There are a number of things that Savage Worlds as a core system chooses to model that are important to our setting, so let’s address those first:

 

  • Character growth is flexible and continuous. Point-buy systems are preferable to class-based systems for modeling the idea that people can learn a wide variety of things at any time in life. This sense of having many options to select from is important to the inventive ethos of the Steamscapes world. I like the feeling that there is more out there than your character will ever learn.
  • Heroes (and important villains) are different from other people. Savage Worlds is one of a small set of systems that mechanically distinguishes between the narratively important characters and “everyone else.” In an otherwise historical setting, this helps the players feel a sense of significance. It gives us a reason to follow their story in particular.
  • Sometimes things go crazy. The unpredictability of outcomes in Savage Worlds is useful for supporting the flavor of an alternative historical game. Sometimes readers (and writers) of history have this mistaken perception that events always progress in a logical and reasonable fashion, but more often than we think major events are influenced or decided by random chance. With its Aces and Wild Dice, Savage Worlds offers a model of how that can happen on a smaller scale, and that model then supports a broader perception of history as more chaotic.

Savage Worlds Logo

 

The explosion in the logo? That's the dice.

 

To this list, we add the elements that the Steamscapes setting rules are trying to model:

  • People have specialized knowledge and expertise.
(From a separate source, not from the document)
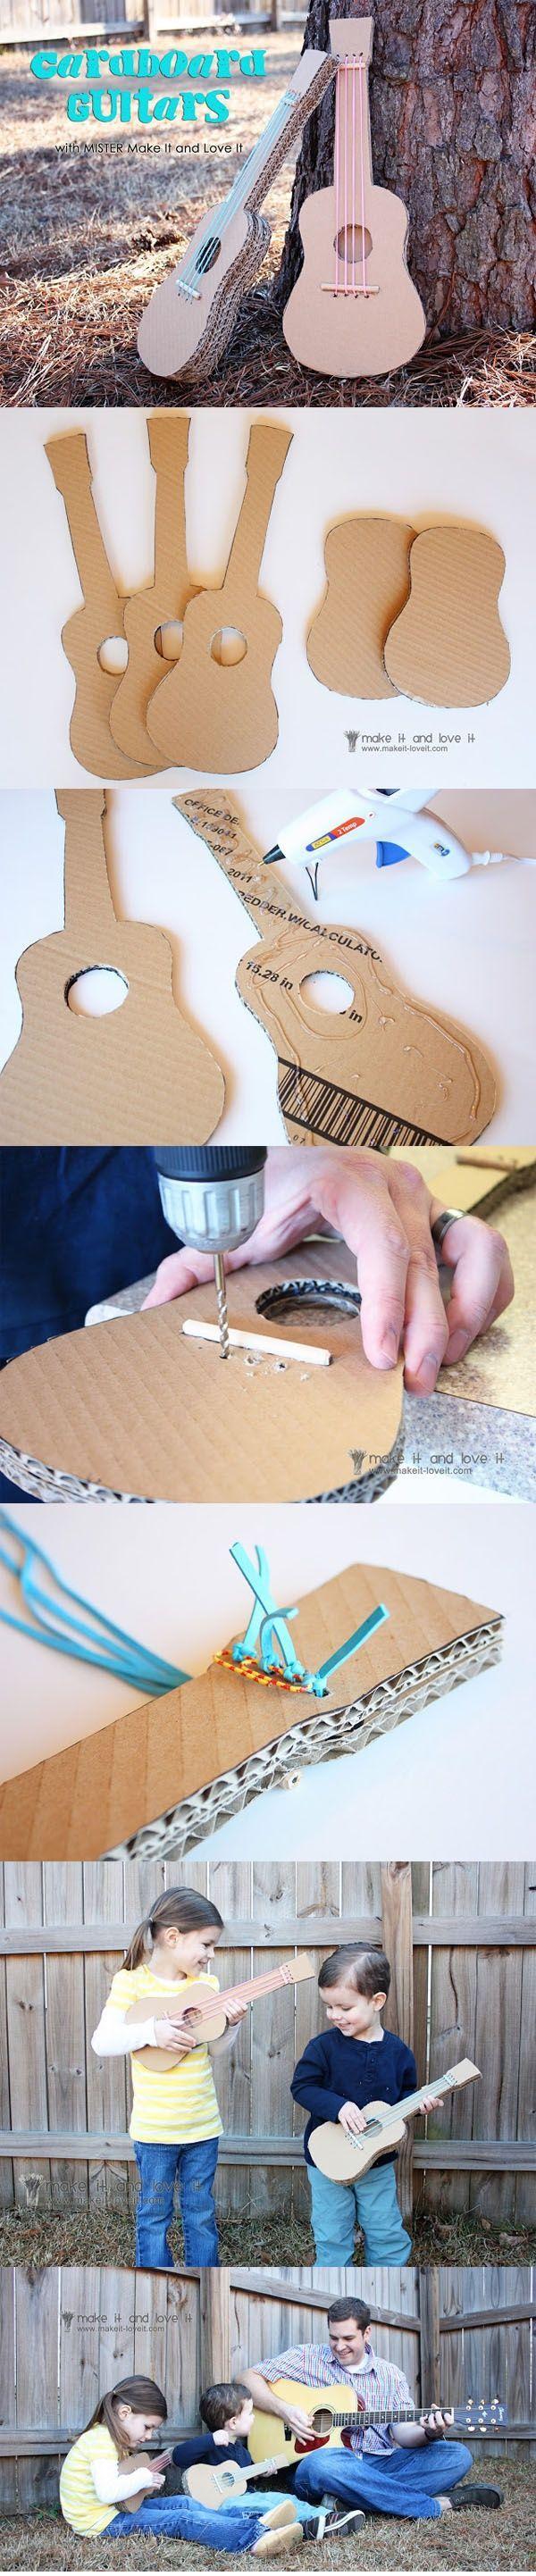 Ingeniosas+guitarras+de+cartón:                                                                                                                                                                                 Más

The unique Skills that we have added to each Professional Edge are important in modeling the idea that some understanding requires more intense training. Not everyone can have a particular esoteric knowledge, and that helps encourage distinctions between characters. This element exists slightly in conflict with the view that character growth is flexible and continuous, and that is intentional. We want players to feel two pulls in their progression - to learn many things as well as to specialize. We want the choice between those pulls to feel meaningful.
  • Innovation takes time. By building Edge Trees into the more scientific Professions, we model the concept that new ideas do not spring from the brain fully formed. Rather, they develop in progression from other ideas, sometimes quickly but sometimes gradually. This is an element that supports the historical realism of the setting and distinguishes it from more fantastical steampunk settings. Invention is not instant in real life, so it should not be instant in our game.
  • In a stratified society, there is always someone on the bottom. We have gone out of our way - through mechanics, fiction, and plot elements in our free adventures - to show how automatons have been inserted into the social structure of Steamscapes below everyone else. They are the objects of both subtle and overt prejudice, from shunning to insults to outright violence. This is a way to model the racist, classist, and sexist attitudes of the time without making any player feel targeted outside of the game context. Other prejudices still do exist in our setting to varying degrees, and players can certainly include them as much as they are comfortable. However, while other prejudices may be optional, the treatment of automatons is ever-present. We want players to deal with these issues, but we have given them a vehicle for abstraction so that it doesn’t have to be personal.

 

So the next time you are trying to explain why you do or do not like a particular game, consider examining this question. You may find that it reveals more useful information about your own preferences and play style. And if you are preparing to play or design a game, definitely ask yourself this question so that you can approach the process with a strong plan and realistic expectations.